The X-ray imaging capabilities of the 4MHB detector were evaluated using a custom-built system comprising an X-ray source, a 3D motion platform, and the detector. A line pair phantom was used to determine spatial resolution by counting distinguishable line pairs per millimeter, consisting of alternating leaded and non-leaded segments. To derive the MTF(ʋ), the measured photocurrent curve is first fitted with Boltzmann function to obtain the Edge Spread Function (ESF(x)). The Line Spread Function (LSF(x)) is then calculated from ESF(x) and fitted with Gaussian function. Finally, the MTF(ʋ) is derived by performing Fast Fourier Transform (FFT) on LSF(x):

$${{\mbox{LSF}}}(x)=\frac{d}{{dx}}{{\mbox{ESF}}}(x)$$
(7)
$$MTF(\upsilon )=\frac{1}{\sqrt{2\pi }}{\int }_{-\infty }^{\infty }LSE(x)\,{e}^{i2\pi \upsilon x}\,dx$$
(8)

where ʋ is spatial frequency, and x is distance.

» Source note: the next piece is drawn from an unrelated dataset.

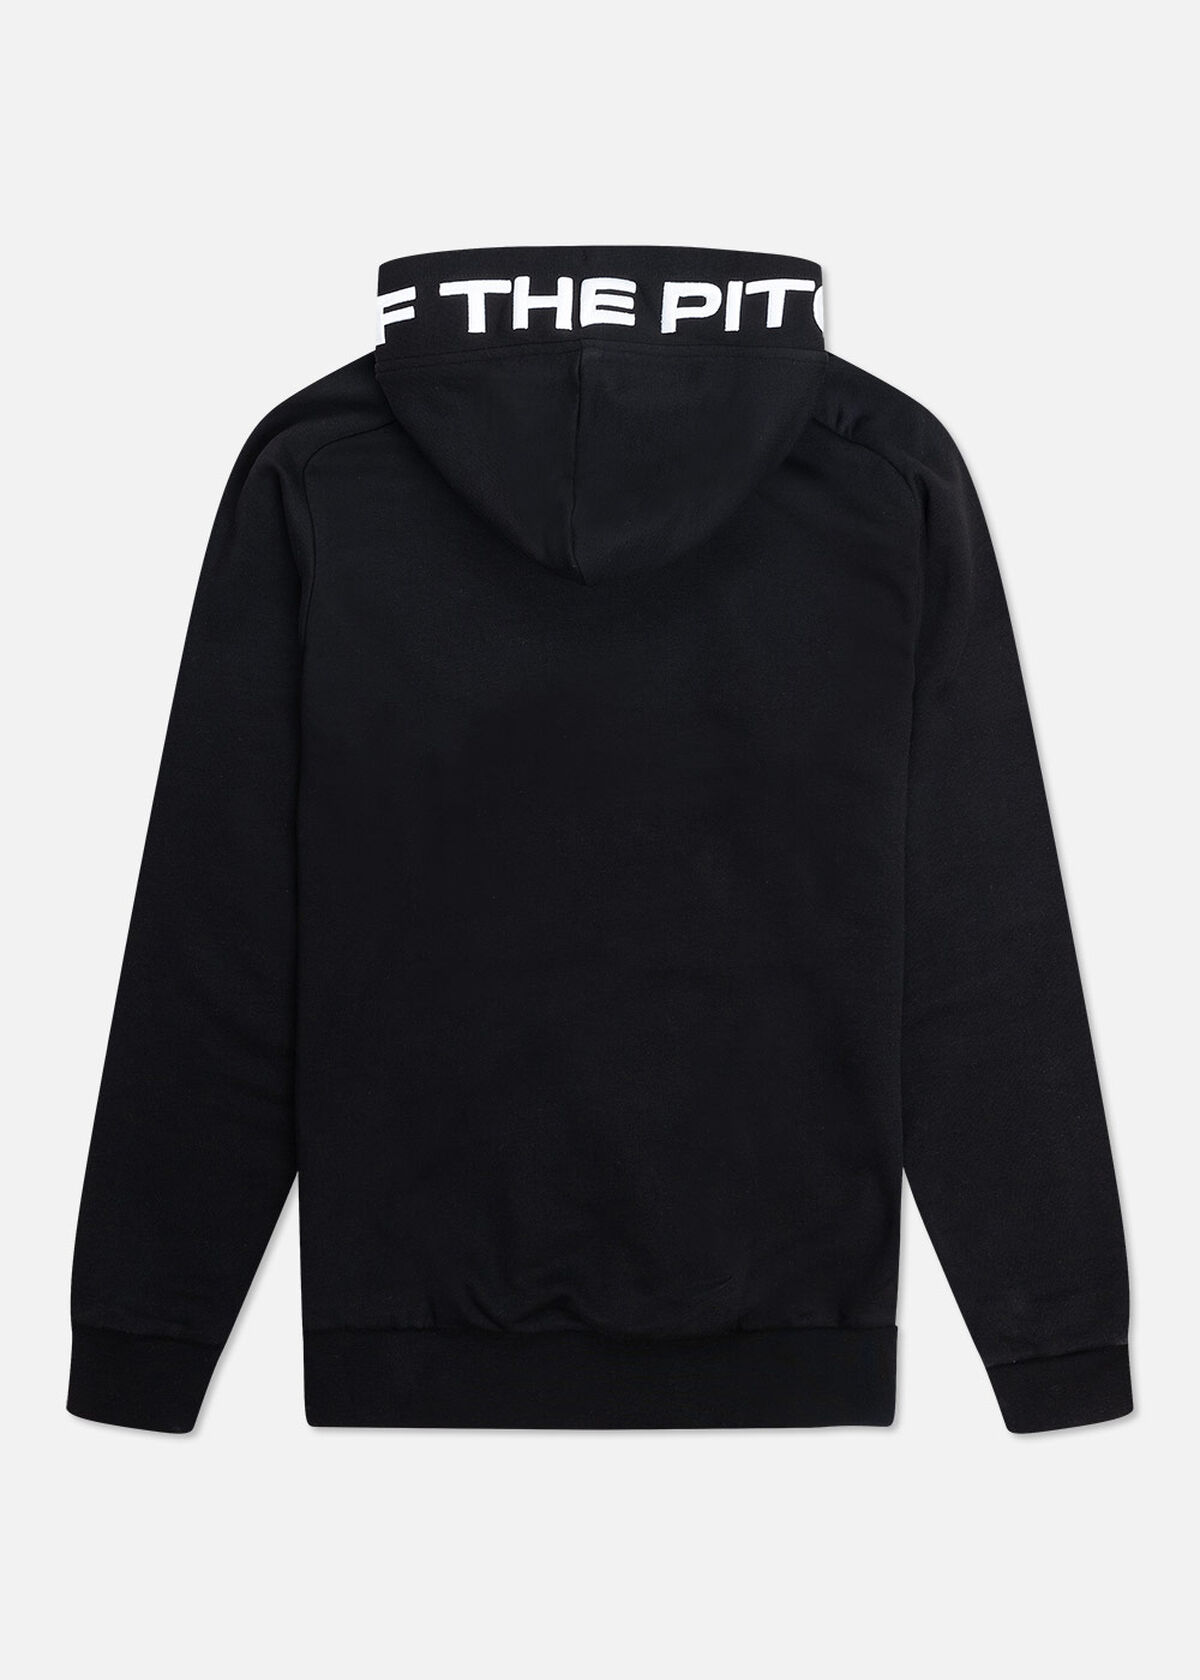 Private Pitch Hood Women - 65% Cotton / 35% Polyes, Black, hi-res
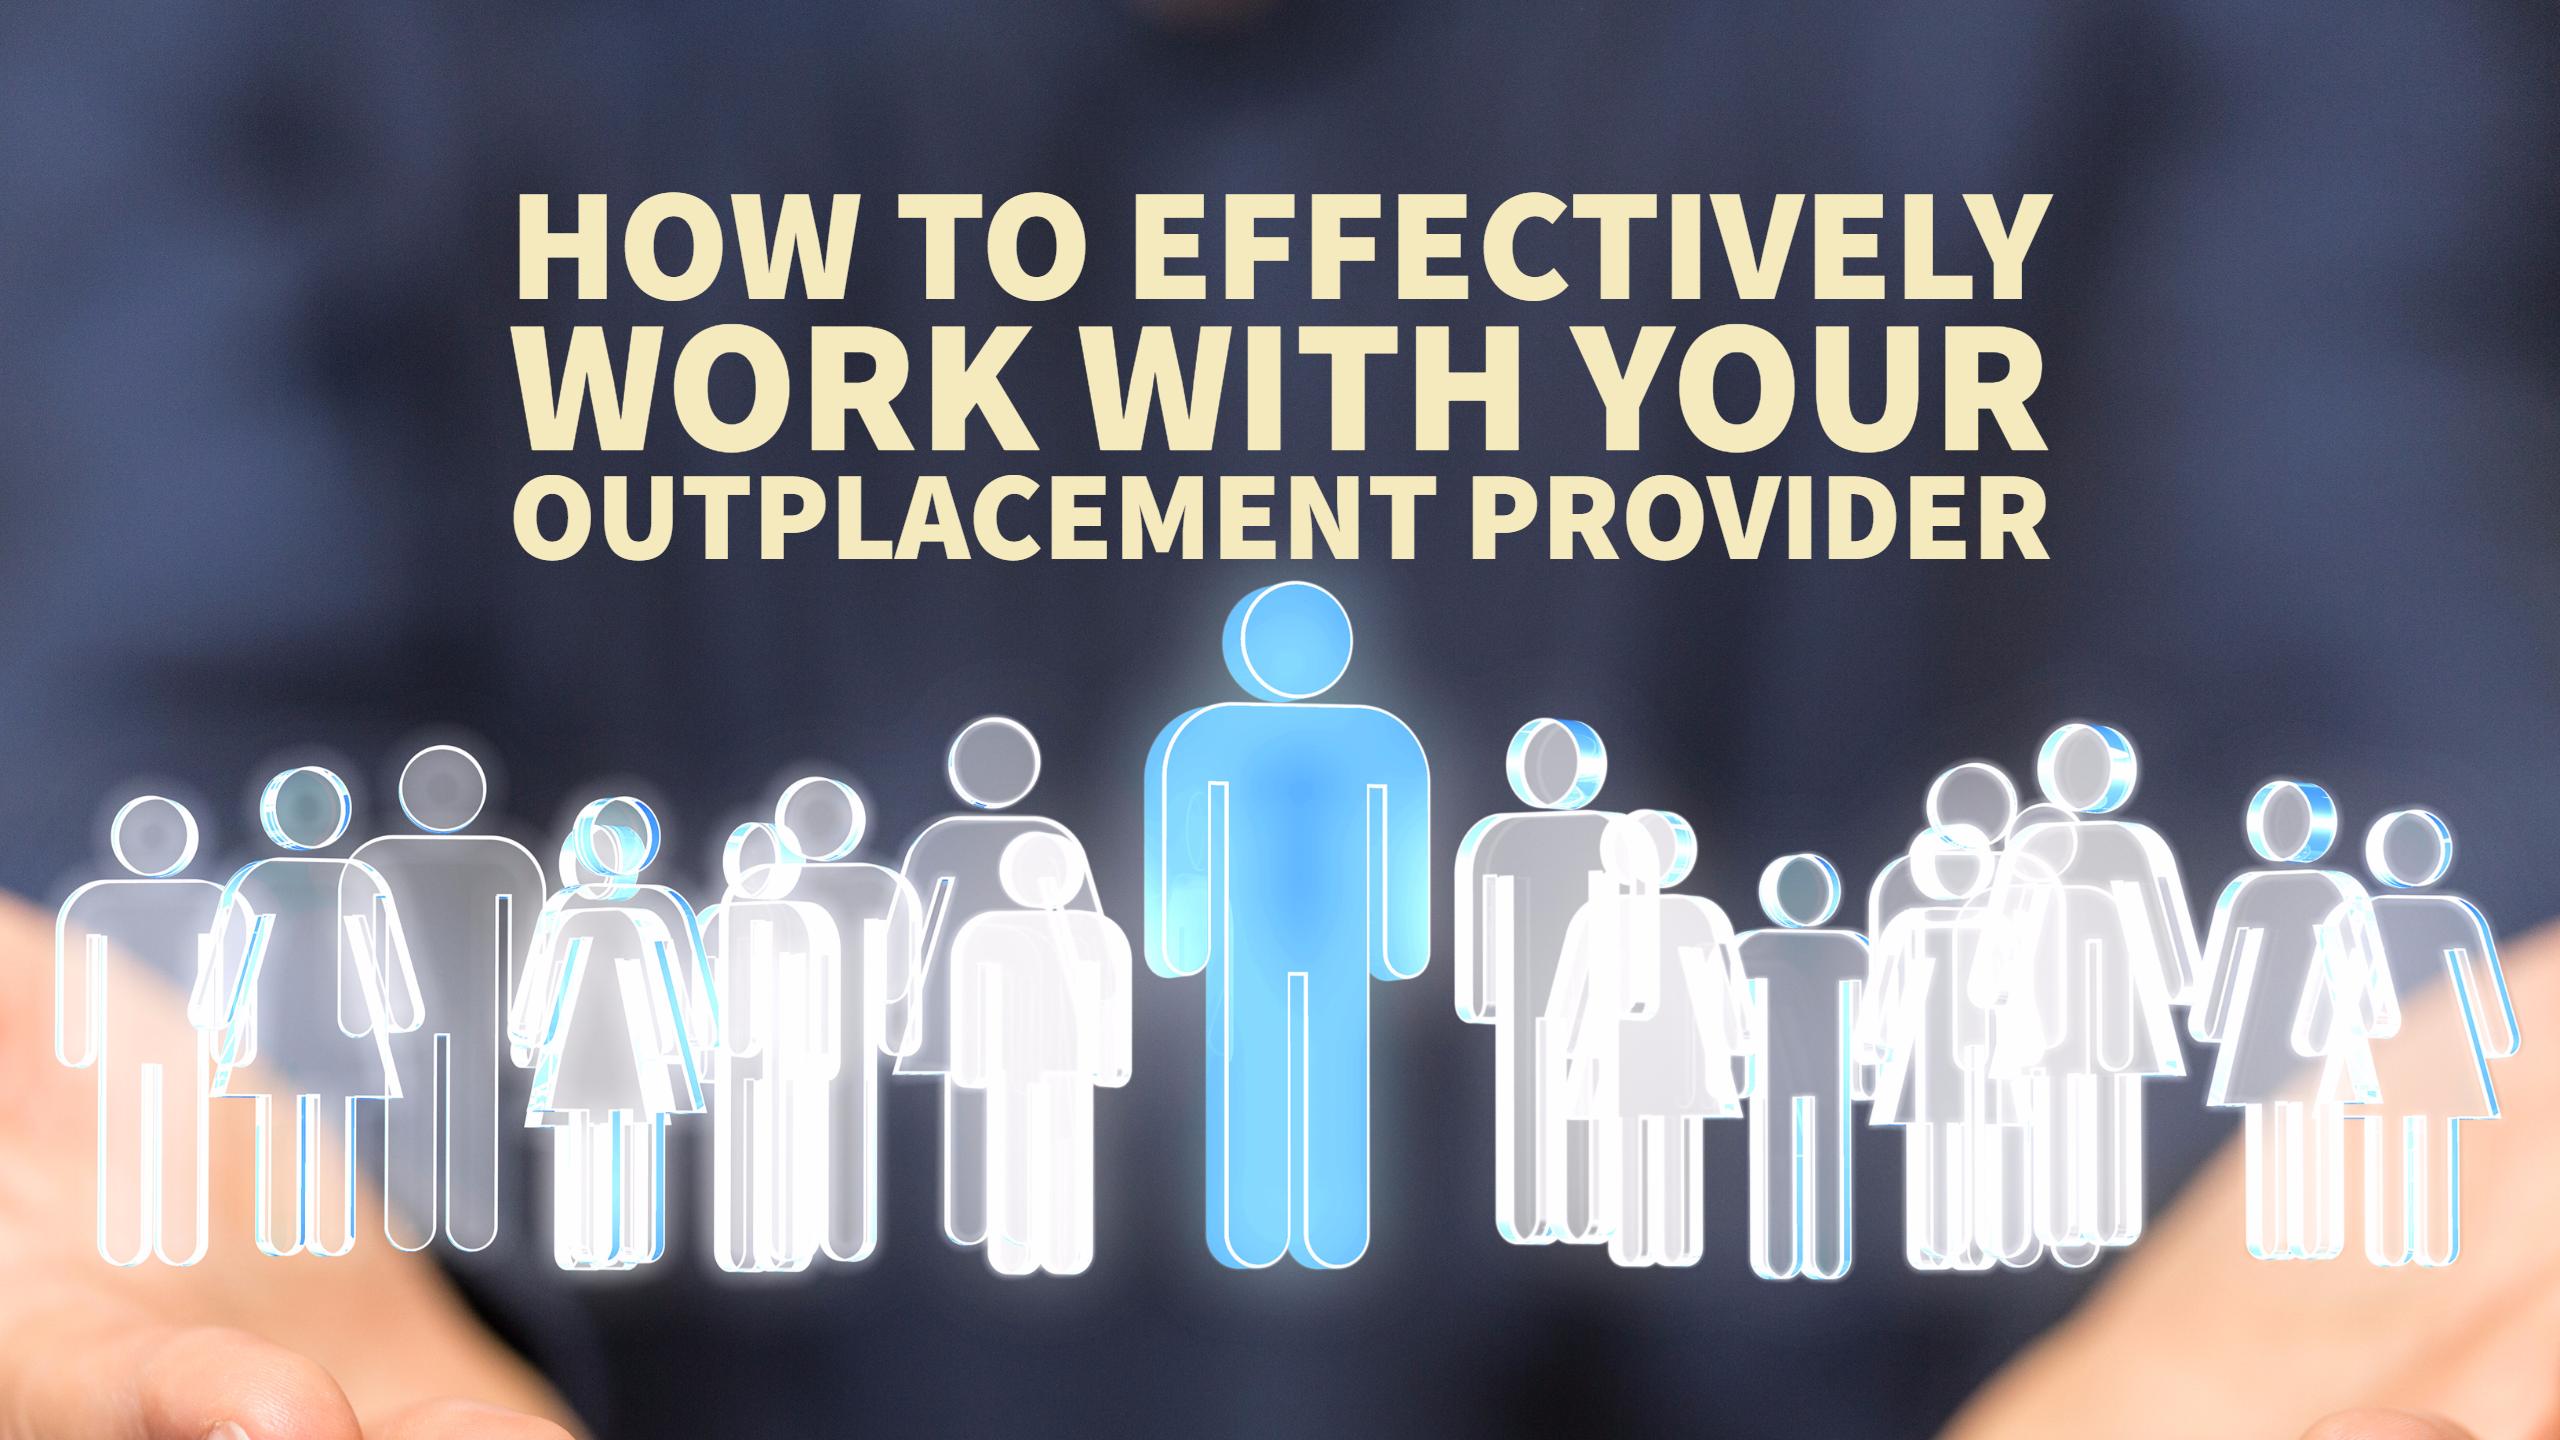 How To Effectively Work With Your Outplacement Provider

During imaging, the motion platform provided precise control over object movement, while photocurrent variations were recorded at each scanning step. Practical imaging tests, such as imaging a nut and the plastic capsule with an inserted metal wire, validated the detector’s ability to resolve sub-millimeter structural details with high contrast.